Foulards rouges : à Paris, les slogans contre les Gilets jaunes ont fusé

Dans la manifestation des Foulards rouges ce dimanche, de nombreux messages contre les violences de certains Gilets jaunes sont revenus. Tout comme les soutiens au président de la République.

Une grosse dizaine de parlementaires LREM, en rang derrière une cordelette verte, scande : « On a voté ! On a voté ! » Ou encore : « Liberté ! Egalité ! Fraternité ! » Jean-Michel Fauvergue défile, gros cigare à la bouche. Laurianne Rossi s’époumone. Certains ont noué un drapeau tricolore sur leurs épaules. La troupe sourit lorsque fusent les… « Mélenchon démission ».

Ils sont venus « affirmer qu’il y a des valeurs à respecter », dixit Fauvergue. « Défendre notre démocratie représentative », avance Rossi. « Pour ne pas laisser la rue aux Gilets jaunes », dire qu’« on ne peut pas paralyser le pays », plaide François Patriat, président du groupe LREM au Sénat.

Tempes grises pour beaucoup, tee-shirt « J’aime ma République » pour certains, électeurs ou sympathisants d’Emmanuel Macron en très grande majorité, ils étaient environ 2 000, place de la Nation à Paris, sous la pluie, au départ de cette marche organisée dimanche par les « Foulards rouges ». A l’arrivée, place de la Bastille, la préfecture de police de Paris compte 10 500 manifestants.

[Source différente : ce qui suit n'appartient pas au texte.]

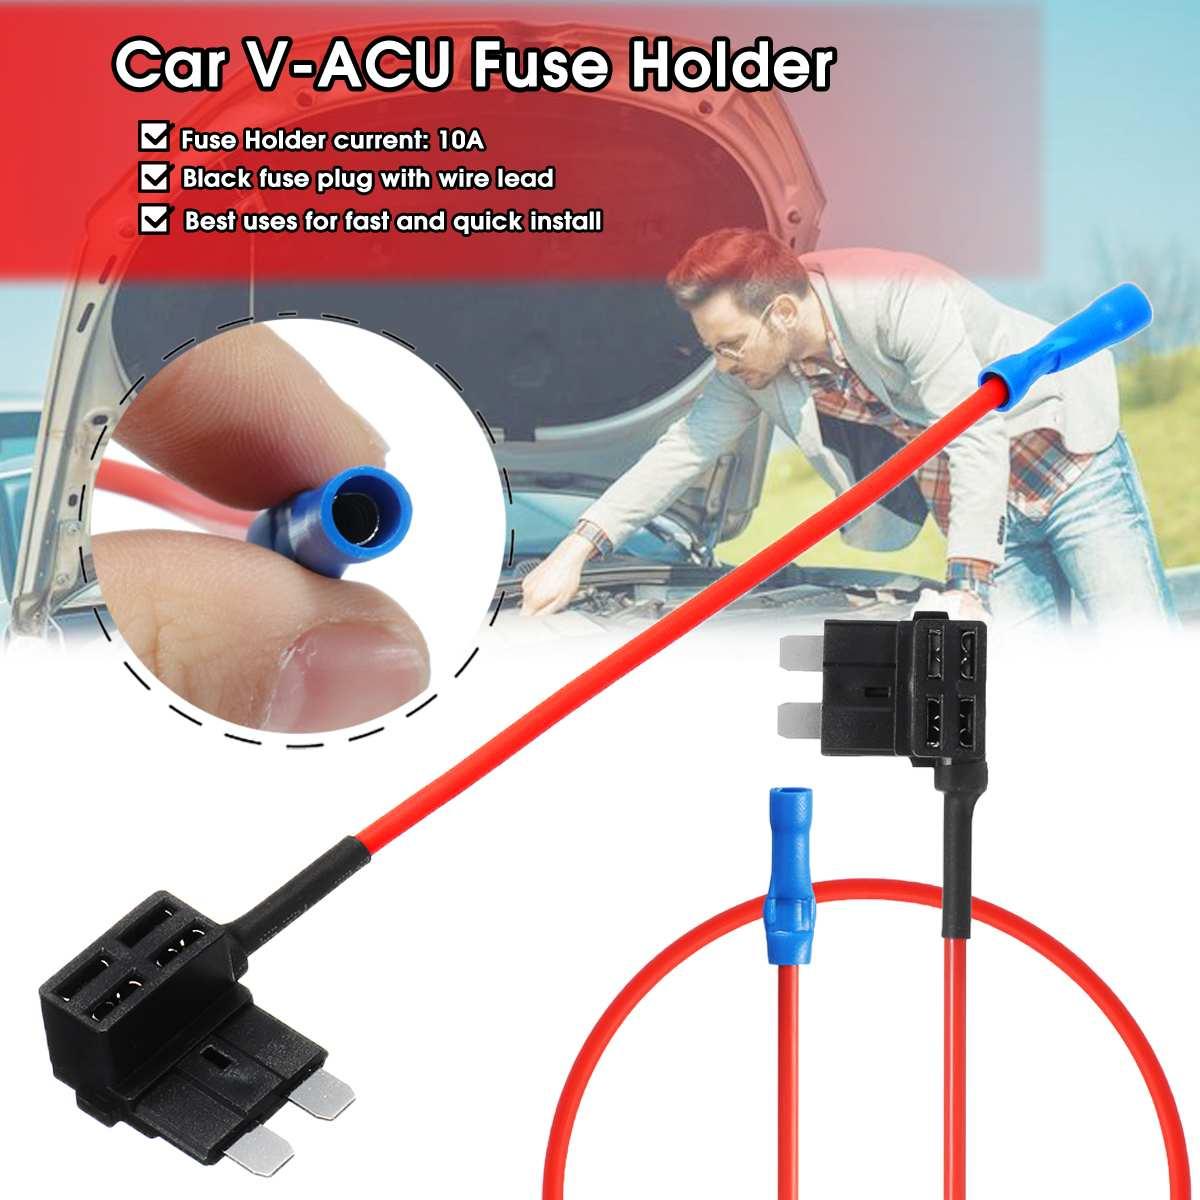 V Acu Fuse Holder Car Add Circuit Piggy Back Tap Standard Ato Atc Blade Fuse Boxe Holder Set

Marie-Line Houard, 62 ans, adhérente de LREM, est « là parce qu’il y a trop d’exactions contre notre démocratie, nos élus, nos forces de l’ordre ». Ingrid, retraitée, peste contre les « Gilets jaunes » : « On peut leur proposer n’importe quoi, ils ne veulent rien entendre. C’est abominable ! »

Quatre d’entre eux sont venus protester « contre les violences policières » au passage de la manifestation. Réplique des « Foulards rouges » : « Dehors les fachos ! » Tous clament, parlementaires compris, à intervalles réguliers, « Vive nos policiers ! Vive nos gendarmes ! » « Nous aussi, on est le peuple », prône cette foule, d’où émerge une pancarte, clin d’œil à de Gaulle en Mai 68, « Oui, à la réforme. Non, à la chienlit. »

LREM n’a pas appelé à manifester. Aucun ministre ne s’est déplacé. Le président, lui, est en Egypte. Mais en coulisses, certains ne boudent pas leur plaisir, en voyant défiler cette « France qui n’accepte plus le blocage et les violences de quelques-uns ». « Quand vous êtes sous une douche froide matin, midi et soir, et qu’un mec qui vous tend une serviette, vous avez envie de dire : il est bien celui-là ! » sourit un Macroniste. Mais il s’agit de ne pas le dire trop fort. Ne pas donner le sentiment de verser dans la récupération, ou de vouloir diviser.

« Toute l’énergie de LREM doit se concentrer sur la réussite du Grand débat pour qu’il permette, je l’espère, d’apaiser et de rassembler. Il faut prendre garde au risque de la perception du camp contre camp », commente ainsi Philippe Grangeon, dirigeant de LREM, très proche du président.

Un vœu pieux ? Dimanche, place de la Bastille, une trentaine de « Gilets jaunes » avaient déployé une banderole « Macron Destitution » pour accueillir les « Foulards rouges ». Huées et invectives de part et d’autre.